"I told you once, Professor, but I'll tell you again. I have to get rid of these bodies they keep leaving in my kitchen. I can take 'em and throw them in the river, sure. But what if me or my boys are stopped en route by some tipped badge?"
"Quicklime?" I suggested automatically.
"What are you talking about? Are you sure you're some kind of scientist? Lime doesn't do much to a stiff at all. Kind of putrifies them like...."

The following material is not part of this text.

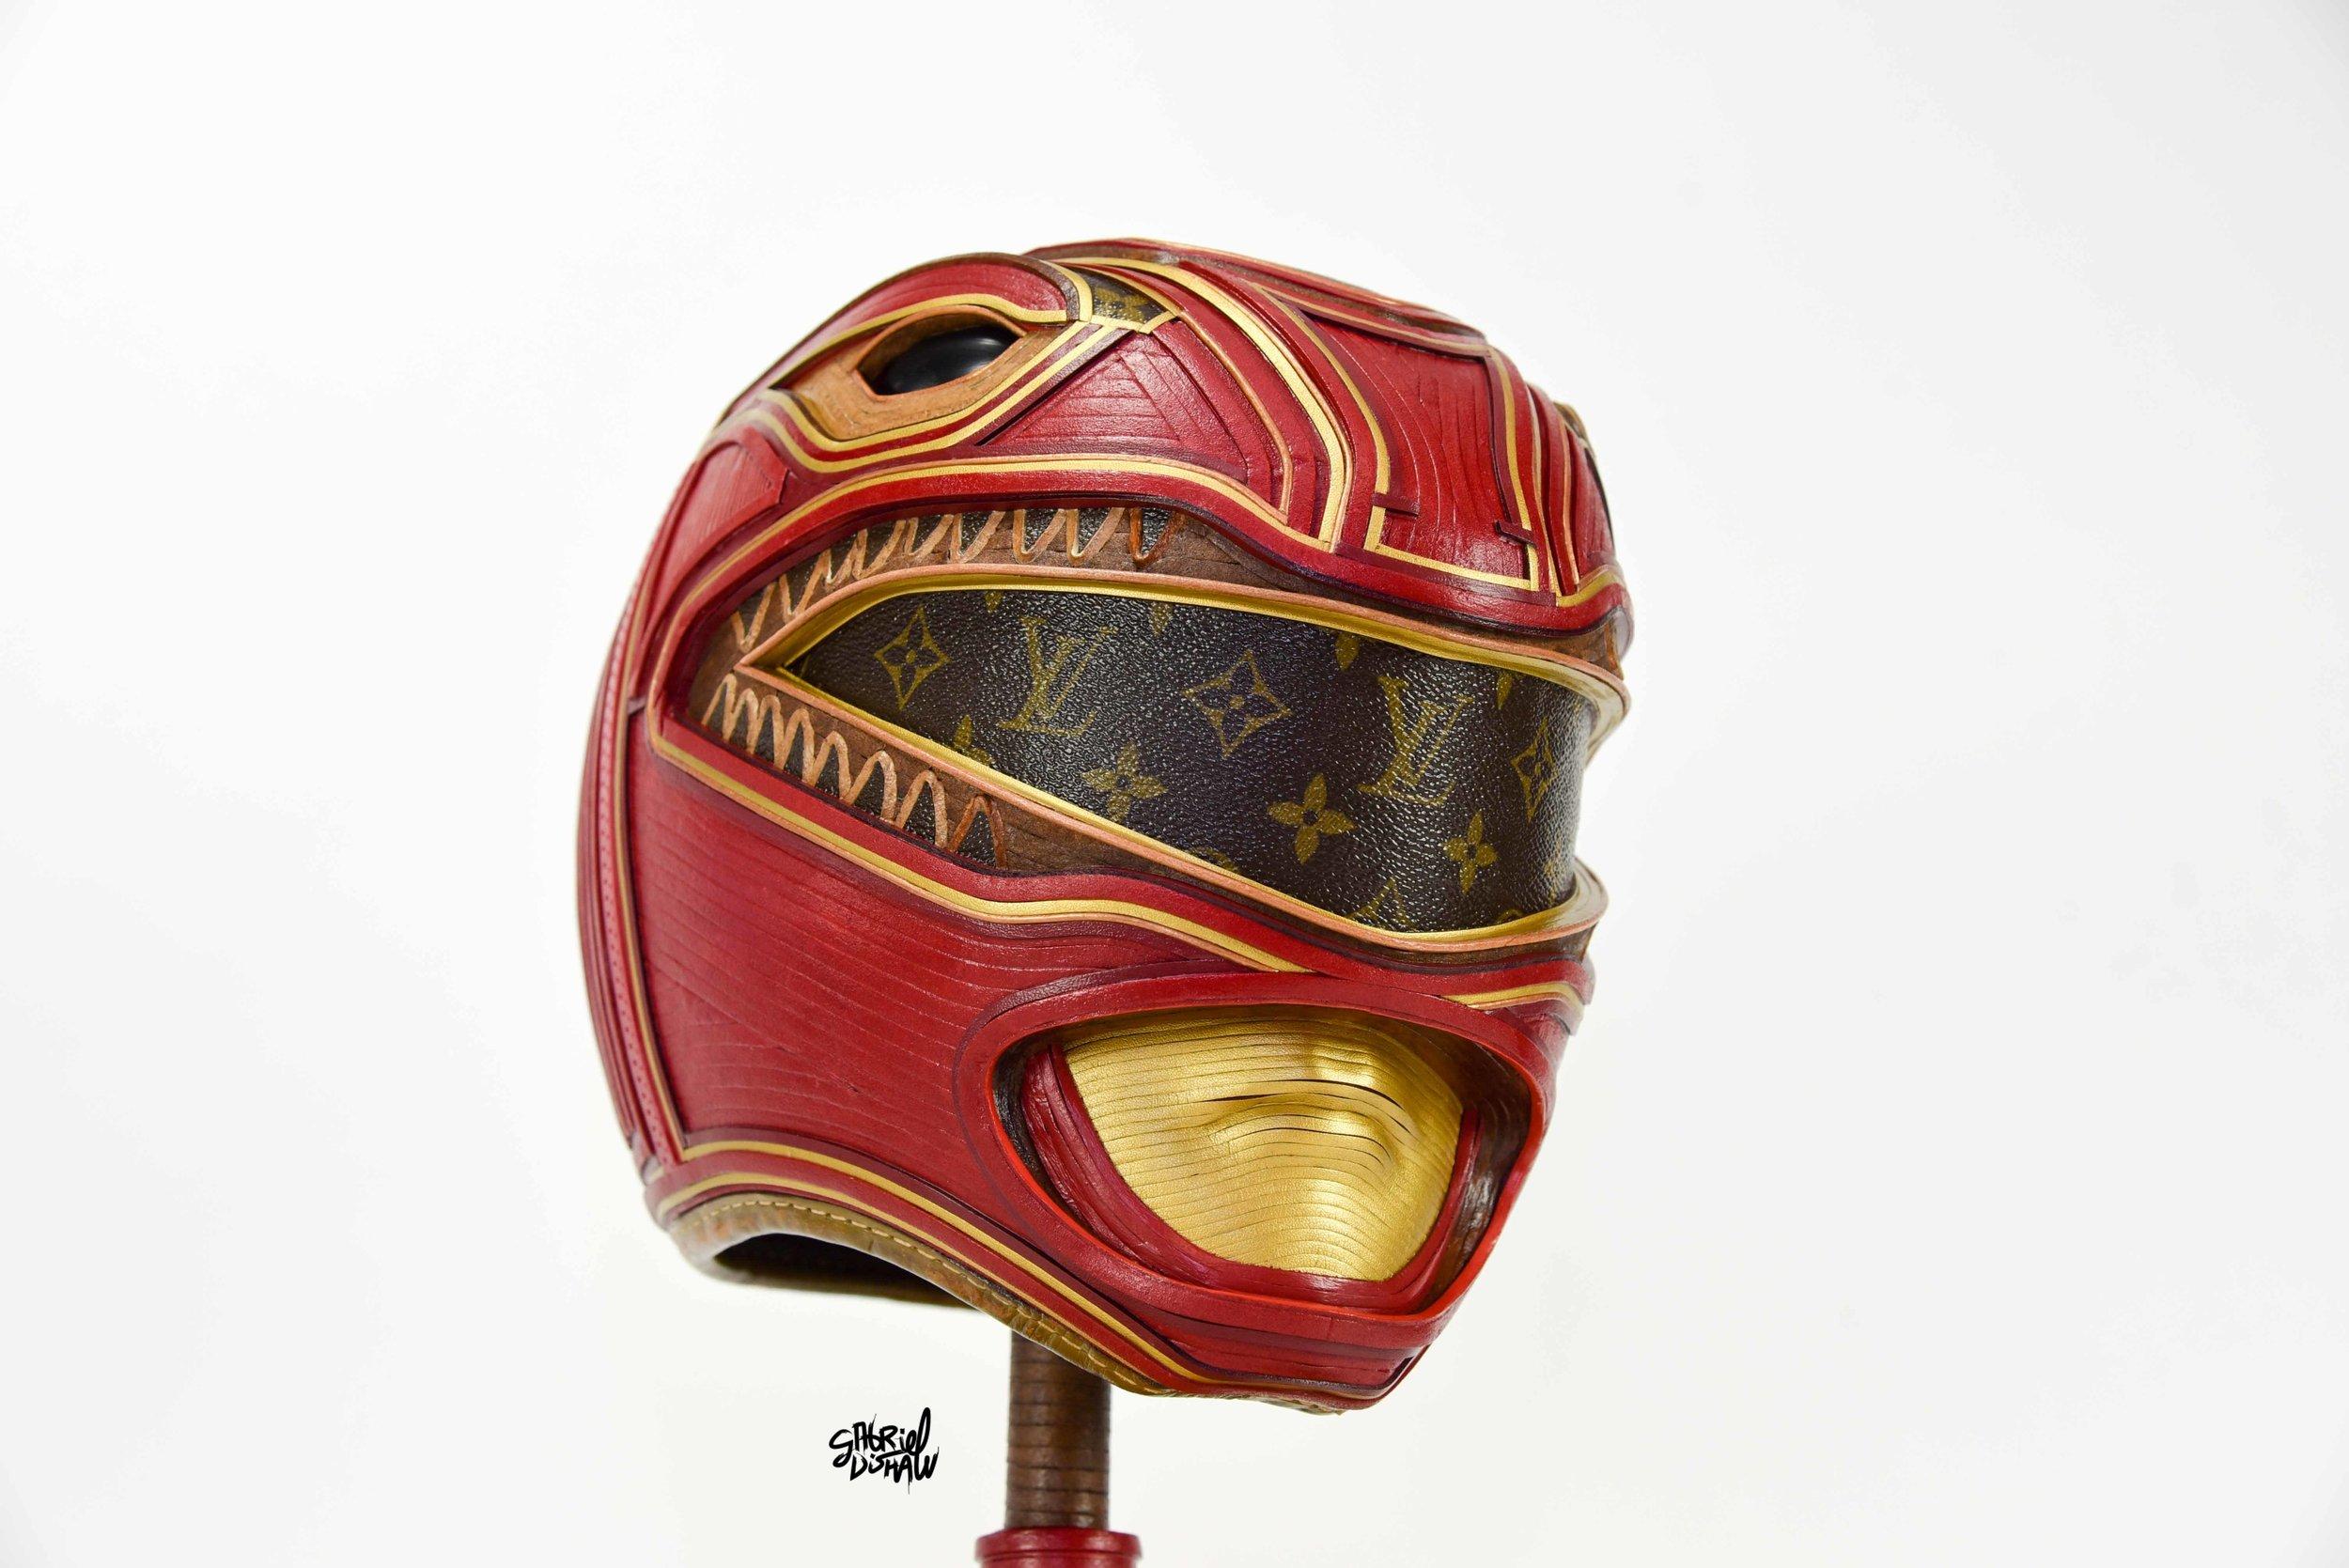 Gabriel Dishaw LV Red Ranger-3282.jpg

"I forgot," I admitted. "I'd read it in so many stories I'd forgotten it wouldn't work. And I suppose the furnace leaves ashes and there's always traces of hair and teeth in the garbage disposal... An interesting problem, at that."
"I figured you could handle it," Carmen said, leaning back comfortably in the favorite chair of my bachelor apartment. "I heard you were working on something to get rid of trash for the government."
"That," I told him, "is restricted information. I subcontracted that work from the big telephone laboratories. How did you find it out?"
"Ways, Professor, ways."
The government did want me to find a way to dispose of wastes—radioactive wastes. It was the most important problem any country could have in this time of growing atomic industry. Now a small-time gangster was asking me to use this research to help him dispose of hot corpses. It made my scientific blood seethe. But the shadow of the Black Hand cooled it off.
"Maybe I can find something in that area of research to help you," I said. "I'll call you."
"Don't take too long, Professor," Carmen said cordially.